I very much view the overwhelming public interest in this simple chat site as an early indicator of peoples willingness to participate in random interactions as a way to increase the return on their experiences. There are plenty of less well known examples of this like that of Japans’ Ogori Cafe where you get what the person in front of you ordered for lunch or the application I use as a screen saver in Map Crunch. It takes random Google Street View images and rotates them randomly at your behest or on your behalf. Most of what exists to date would be widely considered novelty but that is about to change.

In the post-internet economy, people have access to whatever they want, wherever they are.
Their ability to participate passively in exchanges where they can add their own value to things they buy and services they use will be essential. Experience based commerce will become the standard practice across industries. Companies competing to create and package compelling experiences in a world where the lowest price is accessed easily from our cell phones and the concept of scarcity is abolished by platform marketplaces where people can buy and sell from each other directly, all but eliminating the ability for brands to control the perception of one or more of their products being rare and thereby valuable.
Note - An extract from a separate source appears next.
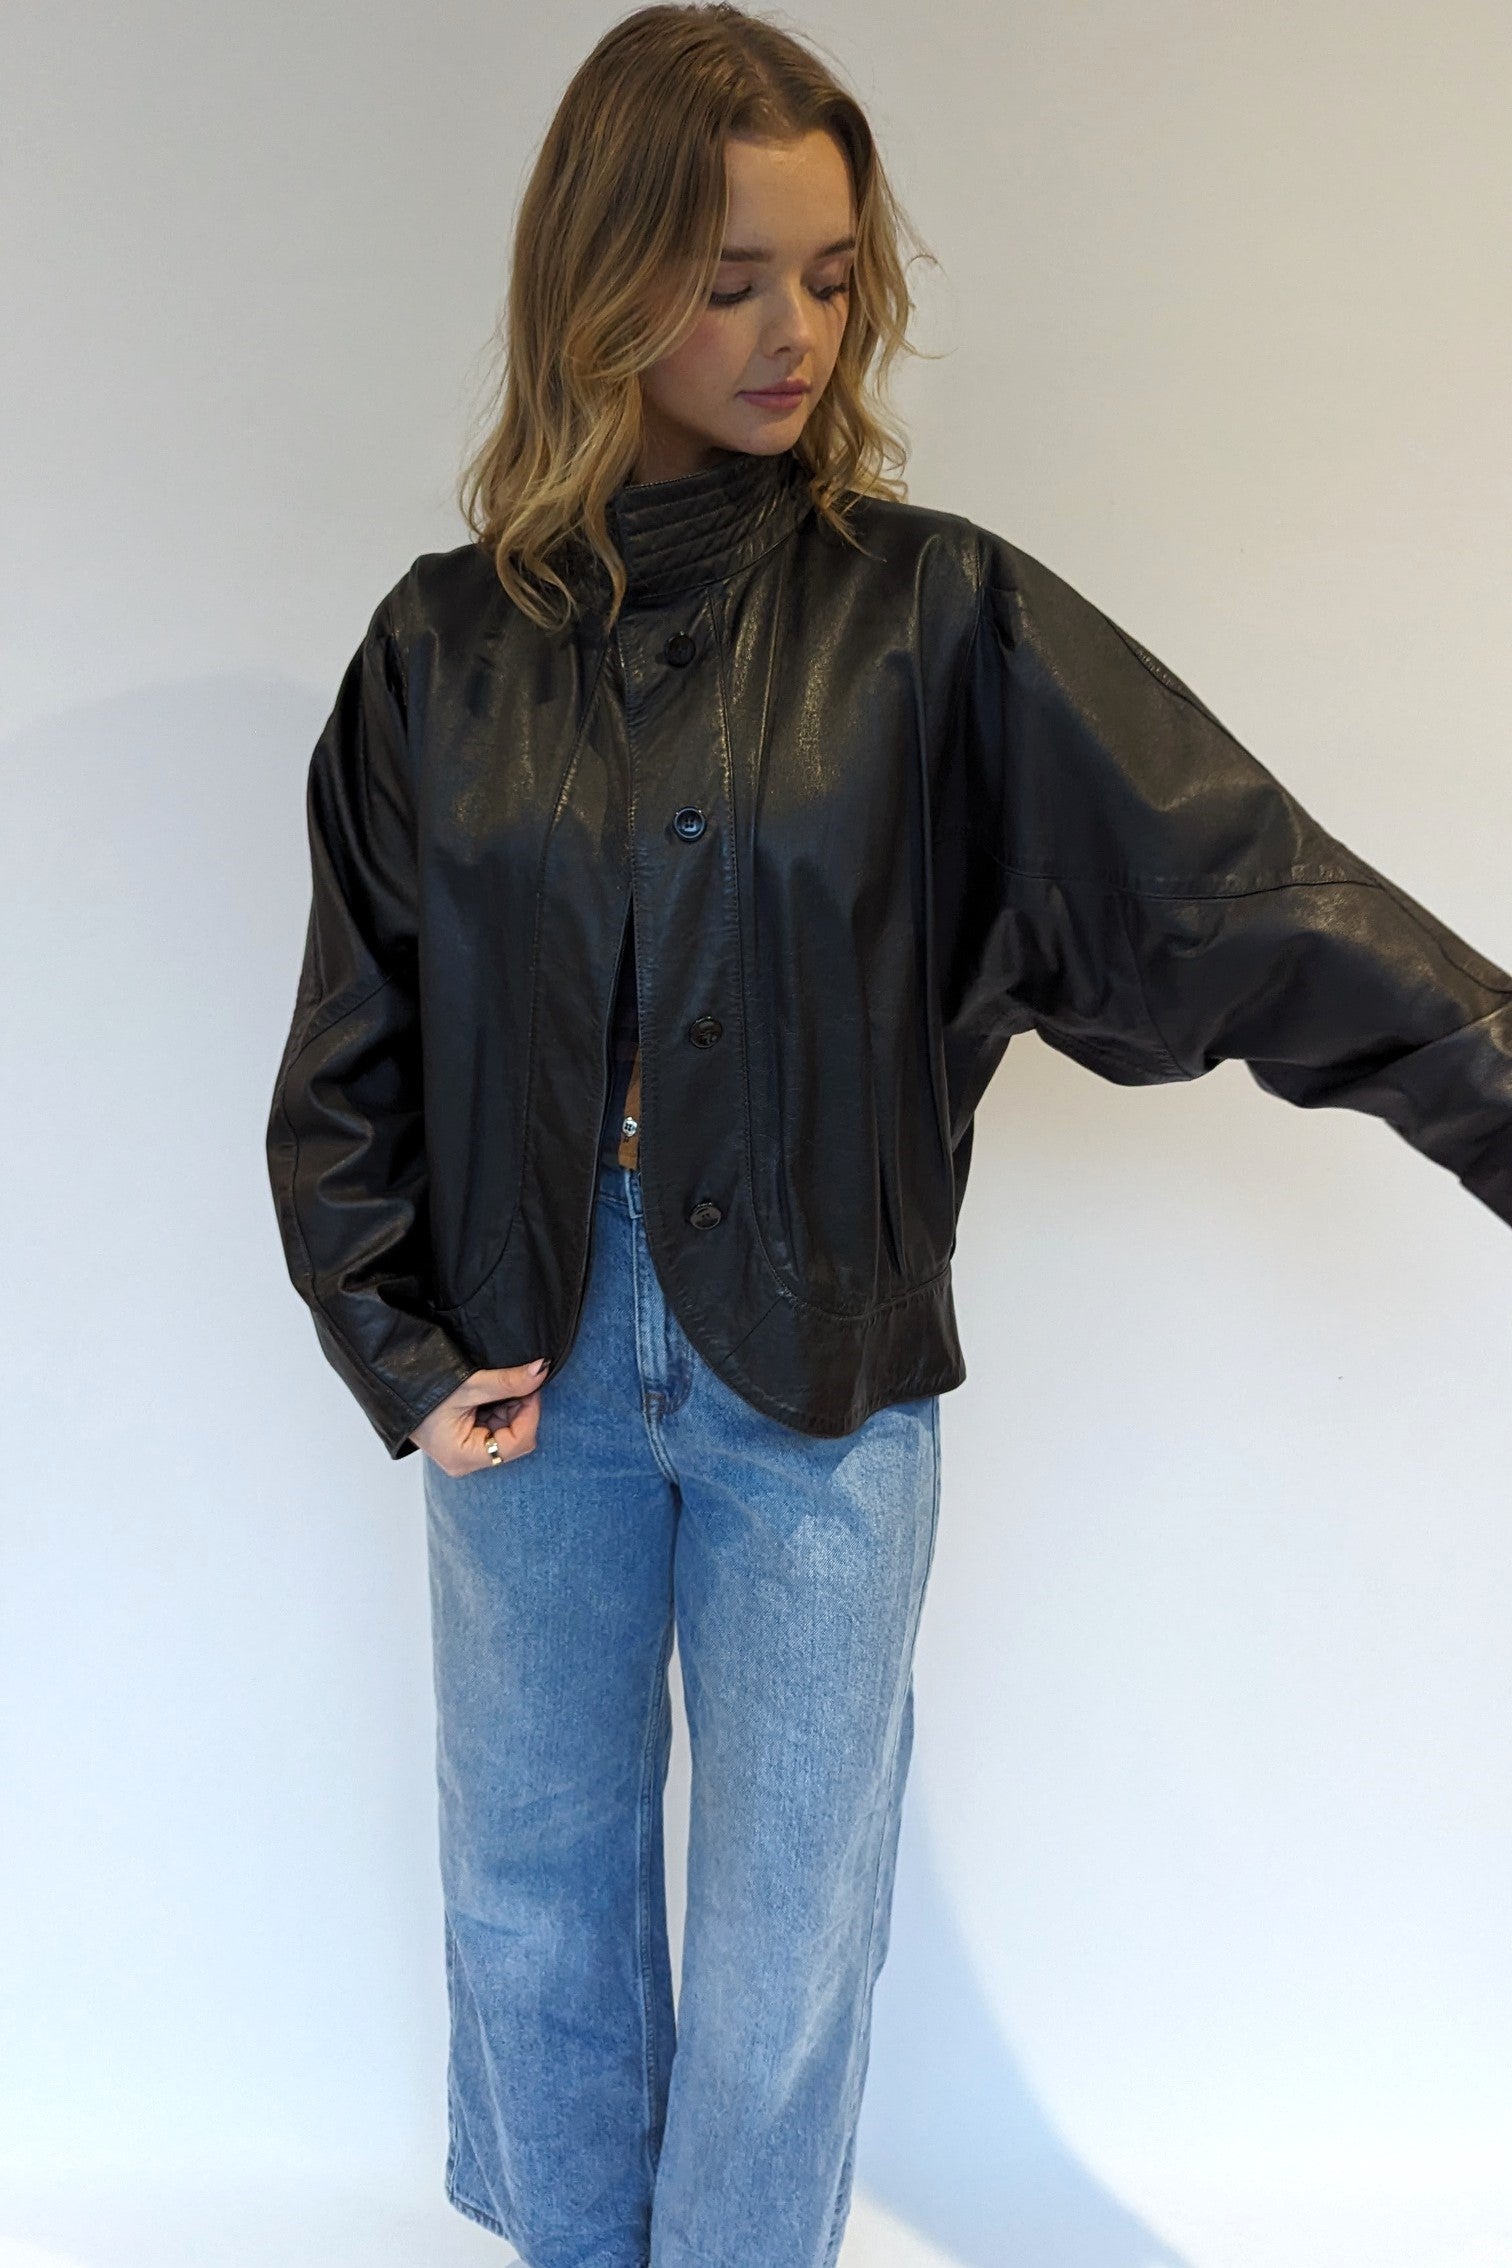 batwing on 80s leather jackt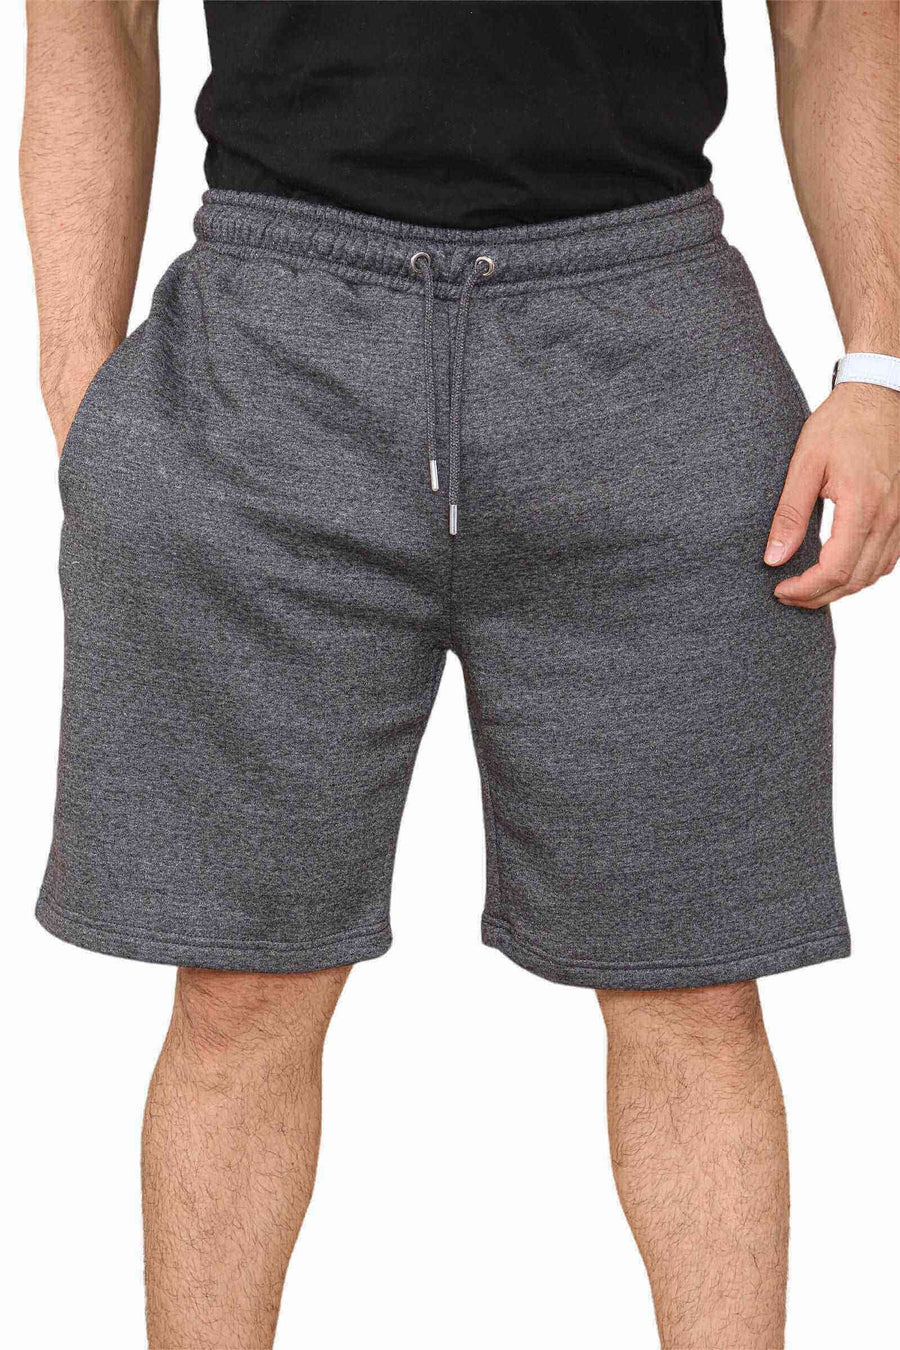 Front View of Men's Gym Shorts in Charcoal for Your Active Lifestyle

Take Etsy for example. I am a big fan of this platform filled with handmade products from
around the world and as such, often post ideas for their site. In this case, a simple function focused around a prominently placed button would randomly populate an artisans profile, complete with their available products. This fun and productive interface would expose
vendors to additional prospects and customers to interesting products they might have not otherwise have had occasion to search for. All this in a mostly passive way, taking the existing behavior of window shopping and leveraging it to increase sales.

I am extremely surprised that social networks have not embraced randomness to any notable degree as of yet. Think of randomly populating a fellow student from your high school on Classmates.com or an available member of the opposite sex in your area on Match.com

Think about mobile commerce melding with social in a random and ultimately profitable way.
One example would be taking the the much talked about Groupon Now application which while pin pointing your exact location, asks you simply: Are you Hungry or Are You Bored, then populates deeply discounted deals for businesses on the platform by distance on your phone.
The same basic application could be used to match people interested in the same categories, currently in the same vicinity. So, essentially you could click a button and be matched with a person or people and a deal. You could mutually choose to accept the occasion or pass right from the phone. Something randomly fun to do and someone to do it with, all in a few clicks.

How would you work randomness in to your model to improve your customers experience?